Records excerpted from a collection:
______
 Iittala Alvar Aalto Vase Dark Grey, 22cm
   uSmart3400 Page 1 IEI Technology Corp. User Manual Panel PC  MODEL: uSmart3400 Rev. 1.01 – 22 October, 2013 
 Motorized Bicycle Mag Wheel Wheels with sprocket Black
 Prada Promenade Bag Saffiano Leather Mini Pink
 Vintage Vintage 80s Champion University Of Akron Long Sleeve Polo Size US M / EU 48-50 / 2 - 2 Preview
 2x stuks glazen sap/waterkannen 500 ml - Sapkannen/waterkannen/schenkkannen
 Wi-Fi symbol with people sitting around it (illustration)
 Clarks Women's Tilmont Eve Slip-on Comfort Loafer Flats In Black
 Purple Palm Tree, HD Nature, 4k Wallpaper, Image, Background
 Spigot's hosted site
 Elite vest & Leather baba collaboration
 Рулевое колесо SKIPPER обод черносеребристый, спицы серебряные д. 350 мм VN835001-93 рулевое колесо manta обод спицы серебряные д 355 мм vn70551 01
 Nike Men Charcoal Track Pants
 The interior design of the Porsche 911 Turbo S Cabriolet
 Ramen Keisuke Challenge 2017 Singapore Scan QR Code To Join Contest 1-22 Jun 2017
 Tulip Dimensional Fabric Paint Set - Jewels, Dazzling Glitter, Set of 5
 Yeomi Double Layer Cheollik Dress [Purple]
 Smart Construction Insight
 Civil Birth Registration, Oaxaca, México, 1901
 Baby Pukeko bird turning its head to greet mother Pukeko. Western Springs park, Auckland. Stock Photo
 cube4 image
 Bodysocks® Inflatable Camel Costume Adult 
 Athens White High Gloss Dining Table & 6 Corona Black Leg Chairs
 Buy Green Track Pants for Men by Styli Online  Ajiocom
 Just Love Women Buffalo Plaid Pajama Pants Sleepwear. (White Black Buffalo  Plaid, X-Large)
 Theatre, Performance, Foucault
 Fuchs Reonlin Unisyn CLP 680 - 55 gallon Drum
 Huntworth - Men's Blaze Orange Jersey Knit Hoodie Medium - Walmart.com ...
______
### WHAT YOU HAVE TO DO
Copy each entry above exactly, leaving nothing out.

### REPLY TO THE TASK
 Iittala Alvar Aalto Vase Dark Grey, 22cm
   uSmart3400 Page 1 IEI Technology Corp. User Manual Panel PC  MODEL: uSmart3400 Rev. 1.01 – 22 October, 2013 
 Motorized Bicycle Mag Wheel Wheels with sprocket Black
 Prada Promenade Bag Saffiano Leather Mini Pink
 Vintage Vintage 80s Champion University Of Akron Long Sleeve Polo Size US M / EU 48-50 / 2 - 2 Preview
 2x stuks glazen sap/waterkannen 500 ml - Sapkannen/waterkannen/schenkkannen
 Wi-Fi symbol with people sitting around it (illustration)
 Clarks Women's Tilmont Eve Slip-on Comfort Loafer Flats In Black
 Purple Palm Tree, HD Nature, 4k Wallpaper, Image, Background
 Spigot's hosted site
 Elite vest & Leather baba collaboration
 Рулевое колесо SKIPPER обод черносеребристый, спицы серебряные д. 350 мм VN835001-93 рулевое колесо manta обод спицы серебряные д 355 мм vn70551 01
 Nike Men Charcoal Track Pants
 The interior design of the Porsche 911 Turbo S Cabriolet
 Ramen Keisuke Challenge 2017 Singapore Scan QR Code To Join Contest 1-22 Jun 2017
 Tulip Dimensional Fabric Paint Set - Jewels, Dazzling Glitter, Set of 5
 Yeomi Double Layer Cheollik Dress [Purple]
 Smart Construction Insight
 Civil Birth Registration, Oaxaca, México, 1901
 Baby Pukeko bird turning its head to greet mother Pukeko. Western Springs park, Auckland. Stock Photo
 cube4 image
 Bodysocks® Inflatable Camel Costume Adult 
 Athens White High Gloss Dining Table & 6 Corona Black Leg Chairs
 Buy Green Track Pants for Men by Styli Online  Ajiocom
 Just Love Women Buffalo Plaid Pajama Pants Sleepwear. (White Black Buffalo  Plaid, X-Large)
 Theatre, Performance, Foucault
 Fuchs Reonlin Unisyn CLP 680 - 55 gallon Drum
 Huntworth - Men's Blaze Orange Jersey Knit Hoodie Medium - Walmart.com ...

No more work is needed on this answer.